Nell’ipotesi più “innocente”, immaginate un hacker che riesce ad inserire nel libro paga di un’azienda un dipendente fittizio, con relativo pagamento di stipendio, contributi e benefit. O, peggio, l’inserimento di un dipendente nel libro paga di una banca, dipendente che poi avrà accesso a conti correnti e operazioni finanziarie o di borsa. Certo, sarebbe una truffa molto sofisticata, ma non impossibile. Se qualcuno può pensarlo, allora qualcuno può realizzarlo.
L’intervento del Garante Privacy su DeepSeek
Tutto dipende sempre e solo dalla tutela dei dati personali, al momento dell’iscrizione ad un qualsiasi sito, social o contesto di rete, come le chat di intelligenza artificiale. La protezione dei dati personali è un elemento cruciale in ogni contesto online, dalle iscrizioni ai social network fino alle interazioni con chatbot basati su intelligenza artificiale.
Un recente esempio di intervento normativo legato alla protezione dei dati riguarda il blocco imposto dal Garante per la protezione dei dati personali nei confronti di DeepSeek. Il servizio di chatbot, sviluppato dalle società cinesi Hangzhou DeepSeek Artificial Intelligence e Beijing DeepSeek Artificial Intelligence, è stato oggetto di una limitazione immediata al trattamento dei dati degli utenti italiani. Il provvedimento è stato adottato per garantire la sicurezza dei dati, dato che le società coinvolte non hanno fornito garanzie sufficienti sulla conformità alla normativa europea. Nonostante le dichiarazioni delle aziende, secondo cui non opererebbero in Italia, l’Autorità ha avviato un’istruttoria per approfondire il caso.
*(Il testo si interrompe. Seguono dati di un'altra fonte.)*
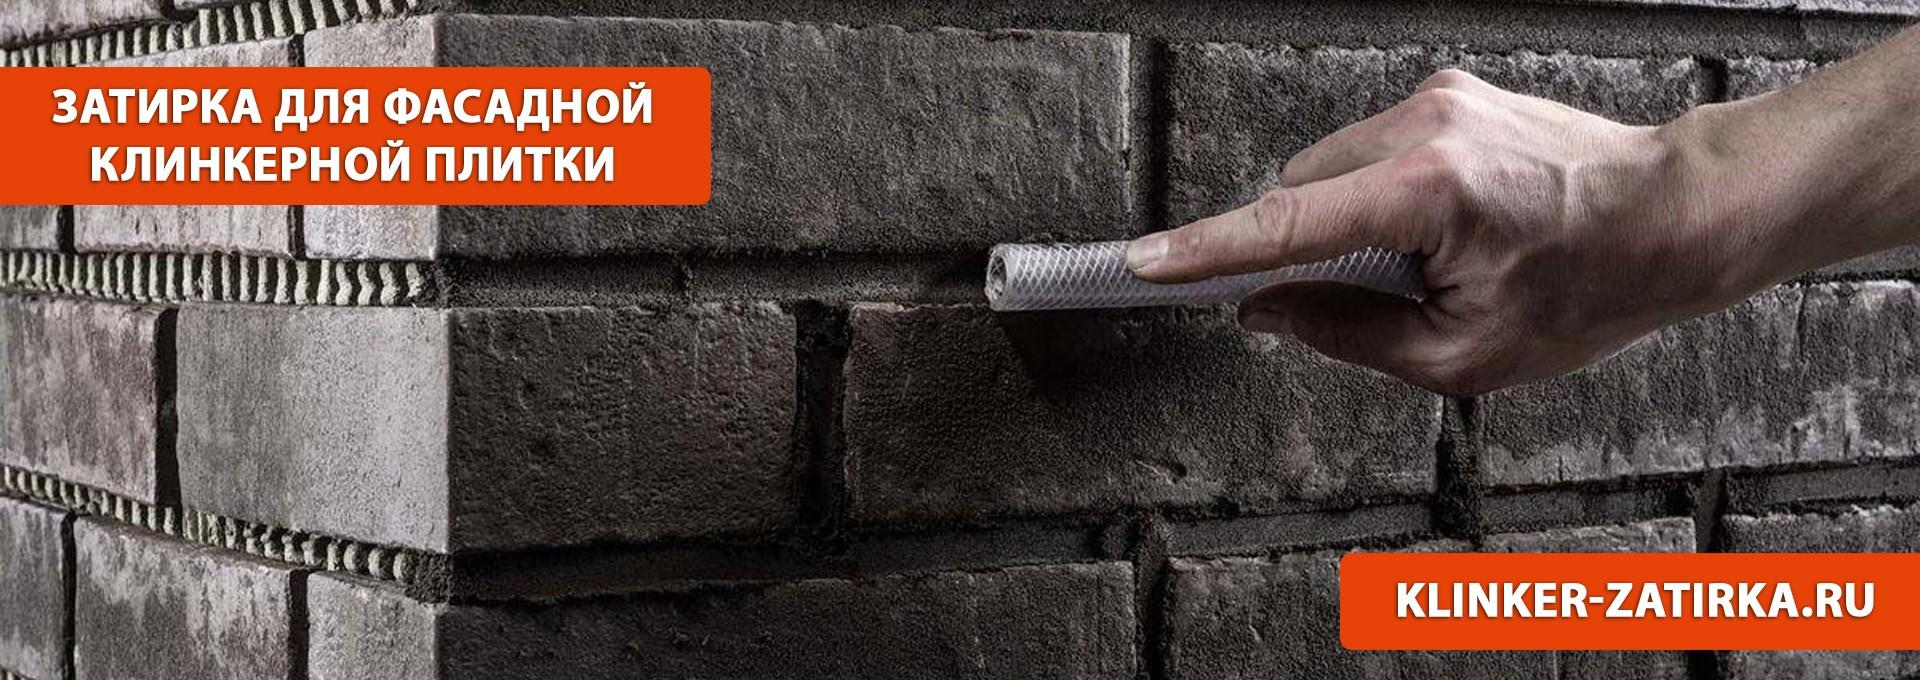 Затирка для фасадной клинкерной плитки
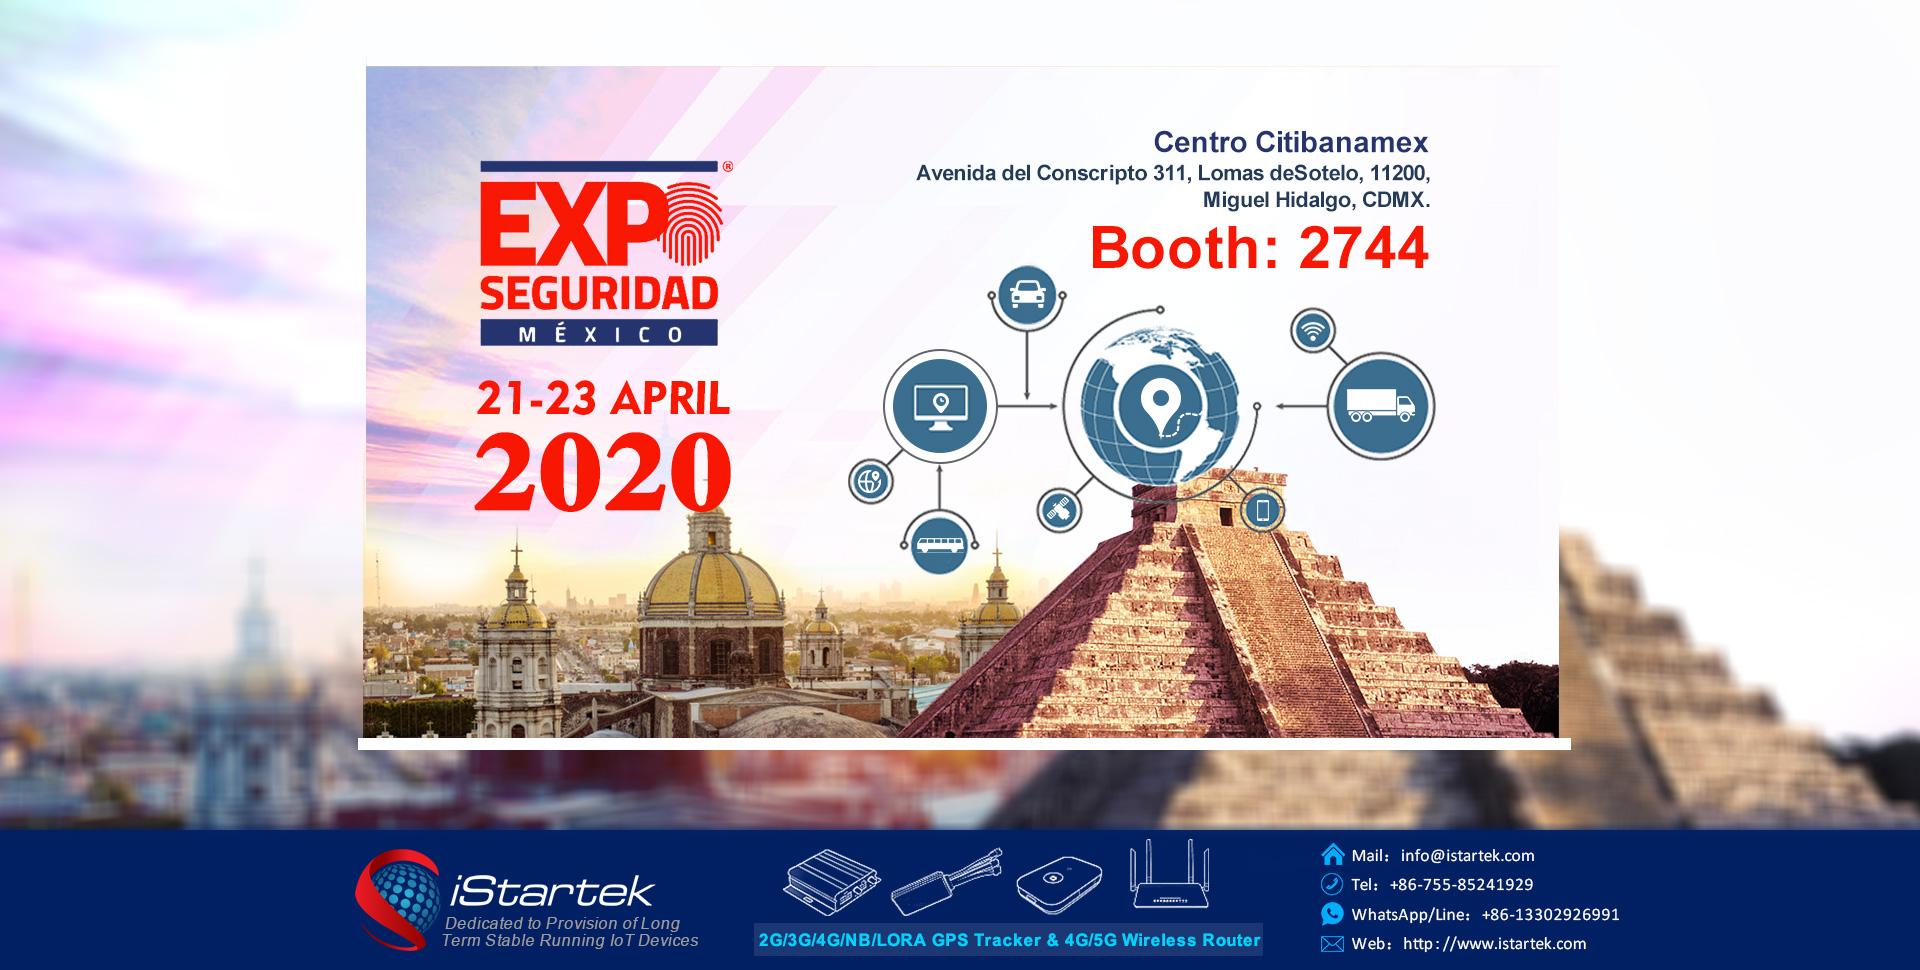 EXPO SEGURIDAD in Mexico

La necessità di nuove strategie di difesa
Di fronte a queste minacce emergenti, molte aziende e organizzazioni si trovano totalmente impreparate. È essenziale adottare strategie di difesa avanzate per proteggere i dati e le infrastrutture digitali. Un approccio basato sulla valutazione del rischio, unito a una maggiore sicurezza degli LLM (Large Language Models) e a una formazione continua degli utenti, è indispensabile per contrastare questi attacchi.
La verità è che gli esperti di cyber security hanno sempre saputo che la situazione rischiasse di sfuggire di mano. Forse non così presto, ma è sempre stato un rischio prevedibile, e le capacità dell’IA si sviluppano più velocemente di quanto l’essere umano possa fare per contenerne i danni.
Perchè il problema non è se andrà fuori controllo, ma quando, e contenere i rischi sarà un compito estremamente complesso.